The OUTSTAT= data set is similar to the TYPE=CORR or TYPE=UCORR data set produced by the CORR procedure, but it is a TYPE=FACTOR data set and it contains many results in addition to those produced by PROC CORR. The OUTSTAT= data set contains observations with _TYPE_ = UCORR and _TYPE_ = USTD if you specify the NOINT option.
The output data set contains the following variables:
the BY variables, if any
two new character variables, _TYPE_ and _NAME_
the variables analyzed , that is, those in the VAR statement, or, if there is no VAR statement, all numeric variables not listed in any other statement.
Each observation in the output data set contains some type of statistic as indicated by the _TYPE_ variable. The _NAME_ variable is blank except where otherwise indicated. The values of the _TYPE_ variable are as follows :
_TYPE_ | Contents |
---|---|
MEAN | means |
STD | standard deviations |
USTD | uncorrected standard deviations |
N | sample size |
CORR | correlations . The _NAME_ variable contains the name of the variable corresponding to each row of the correlation matrix. |
UCORR | uncorrected correlations. The _NAME_ variable contains the name of the variable corresponding to each row of the uncorrected correlation matrix. |
IMAGE | image coefficients. The _NAME_ variable contains the name of the variable corresponding to each row of the image coefficient matrix. |
IMAGECOV | image covariance matrix. The _NAME_ variable contains the name of the variable corresponding to each row of the image covariance matrix. |
COMMUNAL | final communality estimates |
PRIORS | prior communality estimates, or estimates from the last iteration for iterative methods |
WEIGHT | variable weights |
SUMWGT | sum of the variable weights |
EIGENVAL | eigenvalues |
UNROTATE | unrotated factor pattern. The _NAME_ variable contains the name of the factor. |
SE_UNROT | standard error estimates for the unrotated loadings. The _NAME_ variable contains the name of the factor. |
RESIDUAL | residual correlations. The _NAME_ variable contains the name of the variable corresponding to each row of the residual correlation matrix. |
PRETRANS | transformation matrix from prerotation. The _NAME_ variable contains the name of the factor. |
PREFCORR | pre-rotated interfactor correlations. The _NAME_ variable contains the name of the factor. |
SE_PREFC | standard error estimates for pre-rotated interfactor correlations.
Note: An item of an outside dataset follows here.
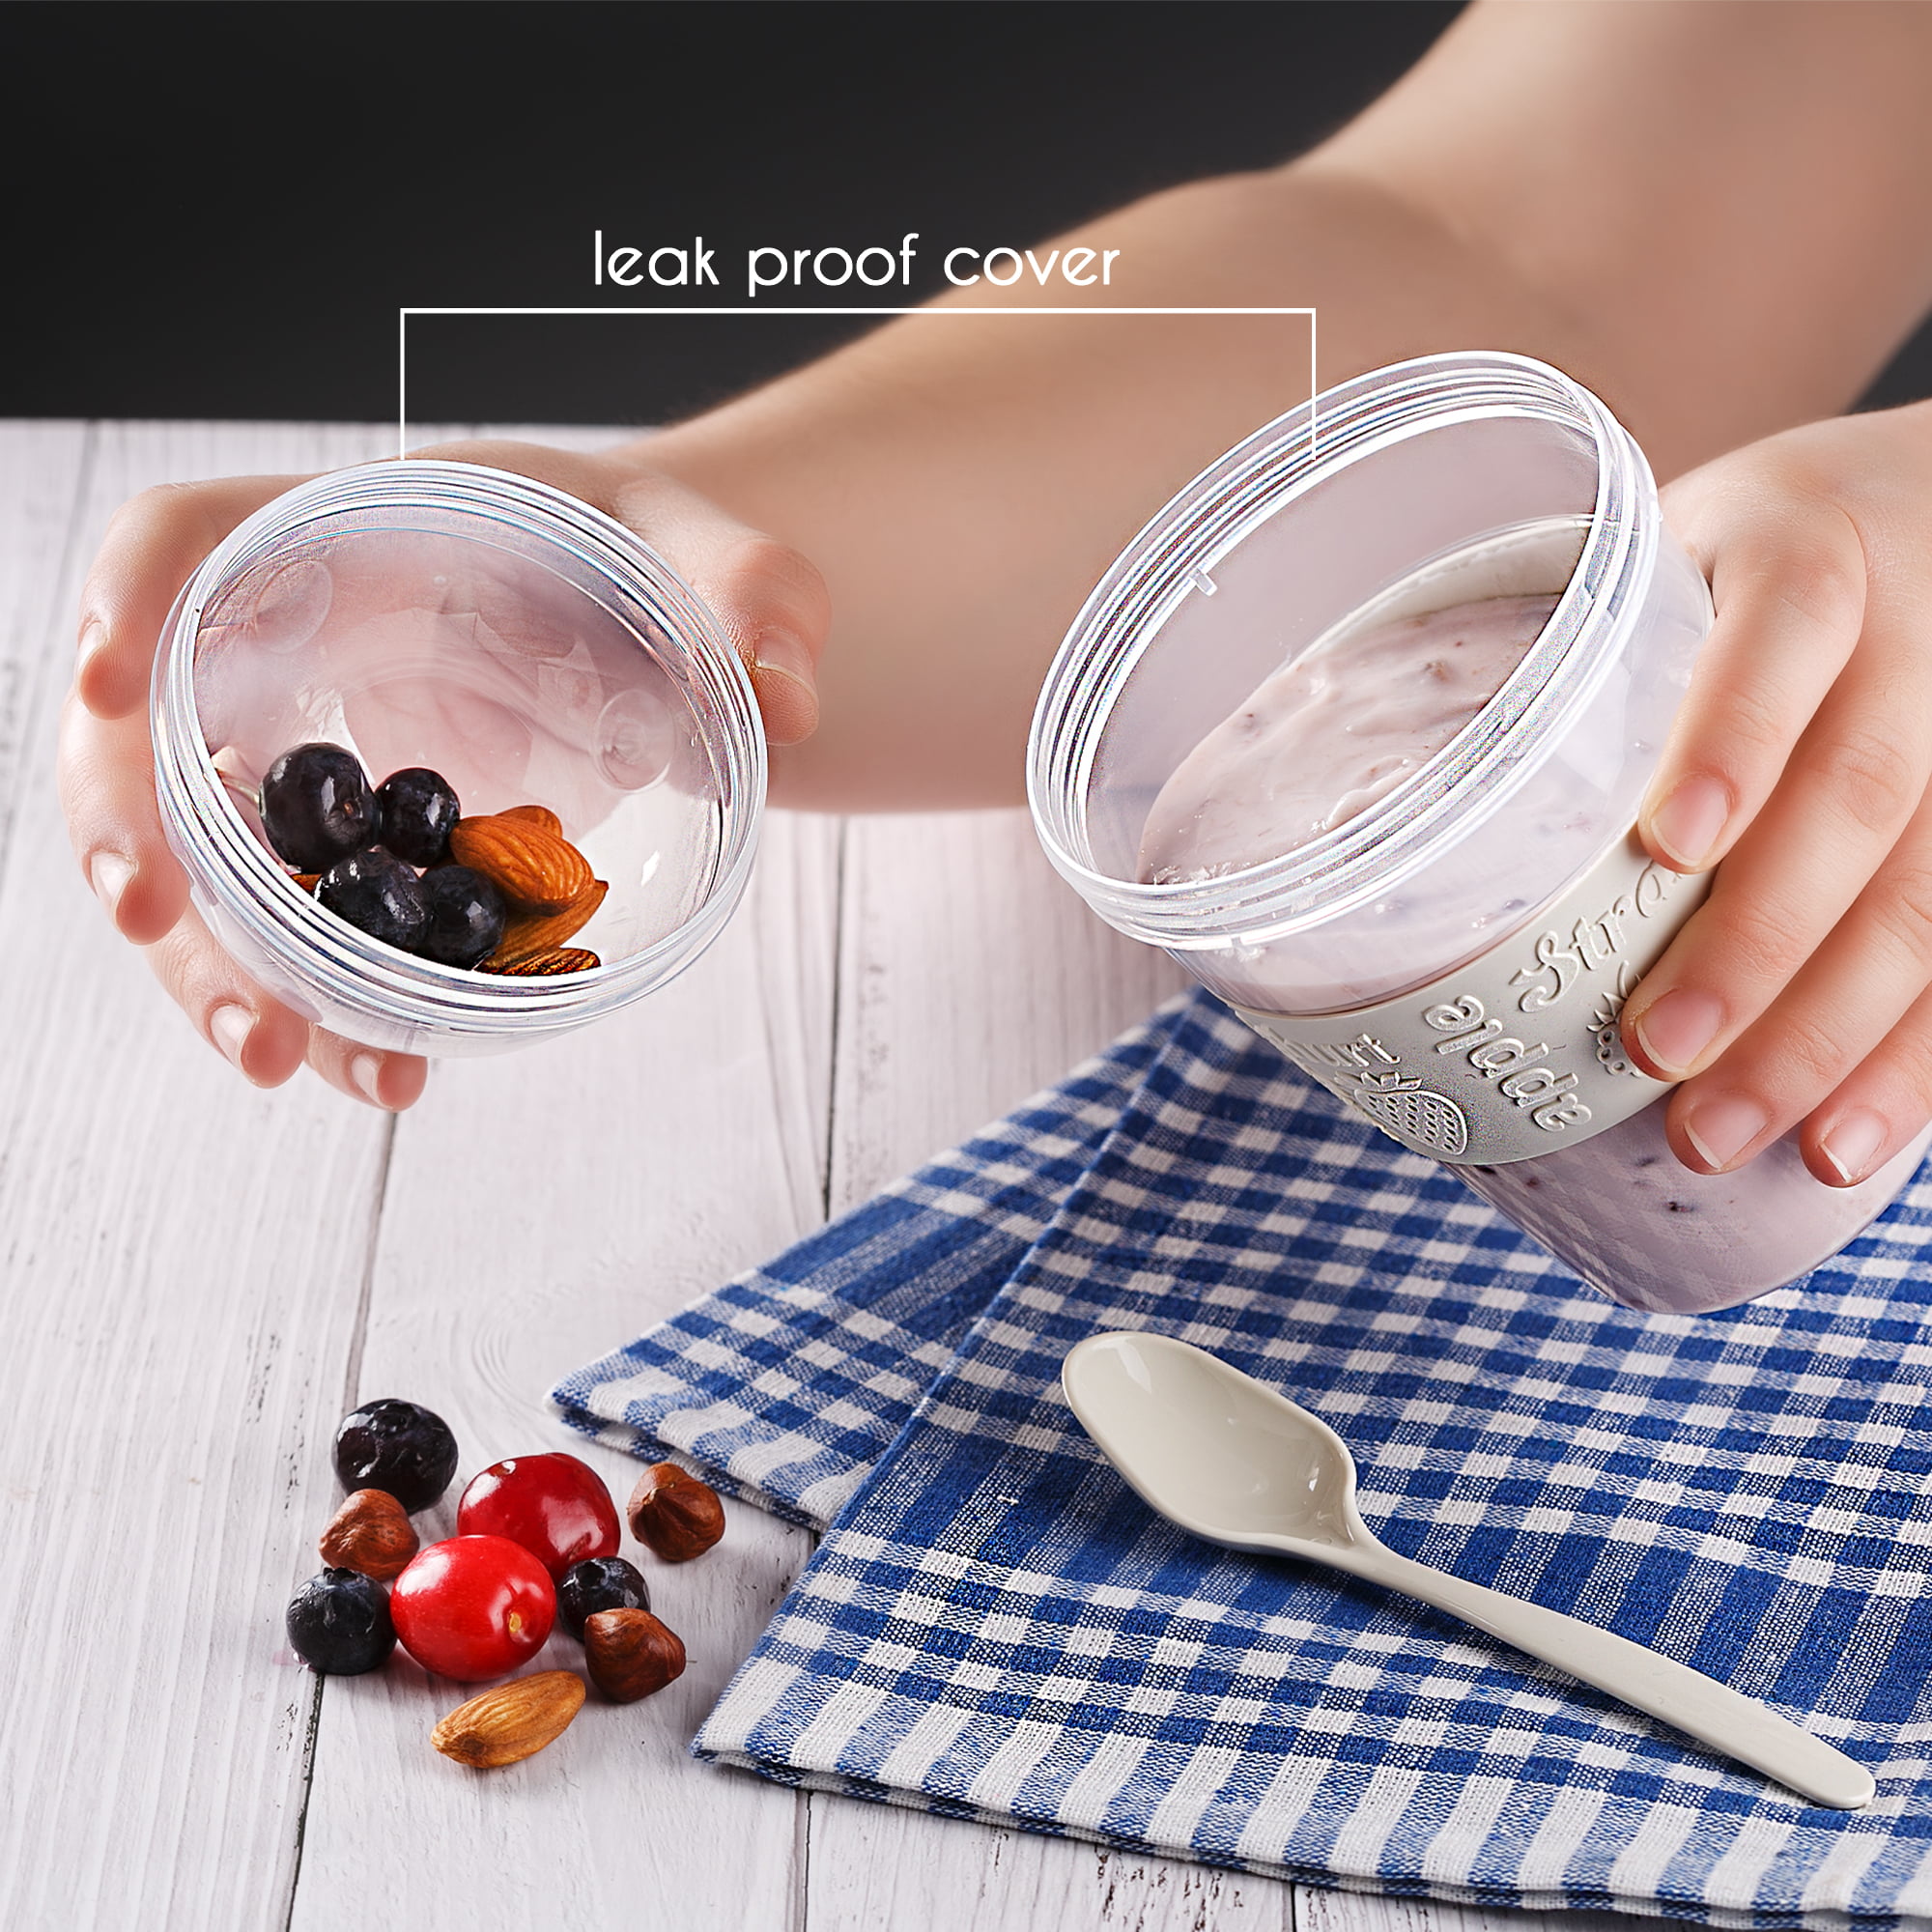 Crystalia Yogurt Parfait Cups with Lids, Mini Breakfast On the Go Plastic  Bowls with Topping Cereal Oatmeal Container with Spoon for Lunch Box

The _NAME_ variable contains the name of the factor. |
PREROTAT | pre-rotated factor pattern. The _NAME_ variable contains the name of the factor. |
SE_PREPA | standard error estimates for the pre-rotated loadings. The _NAME_ variable contains the name of the factor. |
PRERCORR | pre-rotated reference axis correlations. The _NAME_ variable contains the name of the factor. |
PREREFER | pre-rotated reference structure. The _NAME_ variable contains the name of the factor. |
PRESTRUC | pre-rotated factor structure. The _NAME_ variable contains the name of the factor. |
SE_PREST | standard error estimates for pre-rotated structure loadings. The _NAME_ variable contains the name of the factor. |
PRESCORE | pre-rotated scoring coefficients. The _NAME_ variable contains the name of the factor. |
TRANSFOR | transformation matrix from rotation. The _NAME_ variable contains the name of the factor. |
FCORR | interfactor correlations. The _NAME_ variable contains the name of the factor. |
SE_FCORR | standard error estimates for interfactor correlations. The _NAME_ variable contains the name of the factor. |
PATTERN | factor pattern. The _NAME_ variable contains the name of the factor. |
SE_PAT | standard error estimates for the rotated loadings. The _NAME_ variable contains the name of the factor. |
RCORR | reference axis correlations. The _NAME_ variable contains the name of the factor. |
REFERENC | reference structure. The _NAME_ variable contains the name of the factor. |
STRUCTUR | factor structure. The _NAME_ variable contains the name of the factor. |
SE_STRUC | standard error estimates for structure loadings. The _NAME_ variable contains the name of the factor. |
SCORE | scoring coefficients to be applied to standardized variables. The _NAME_ variable contains the name of the factor. |
USCORE | scoring coefficients to be applied without subtracting the mean from the raw variables. The _NAME_ variable contains the name of the factor. |
The traditional approach to determining salient loadings (loadings that are considered large in absolute values) employs rules-of-thumb such as 0.3 or 0.4. However, this does not utilize the statistical evidence efficiently . The asymptotic normality of the distribution of factor loadings enables you to construct confidence intervals to gauge the salience of factor loadings. To guarantee the range-respecting properties of confidence intervals, a transformation procedure such as in CEFA (Browne, Cudeck, Tateneni, and Mels 1998) is used. For example, because the orthogonal rotated factor loading must be bounded between ˆ’ 1 and +1, the Fisher transformation
is employed so that is an unbounded parameter. Assuming the asymptotic normality of , a symmetric confidence interval for is constructed . Then, a back-transformation on the confidence limits yields an asymmetric confidence interval for . Applying the results of Browne (1982), a (1 ˆ’ ± )100% confidence interval for the orthogonal factor loading is
where
and is the estimated factor loading, is the standard error estimate of the factor loading, and z ± / 2 is the (1 ˆ’ ± / 2)100 percentile point of a standard normal distribution.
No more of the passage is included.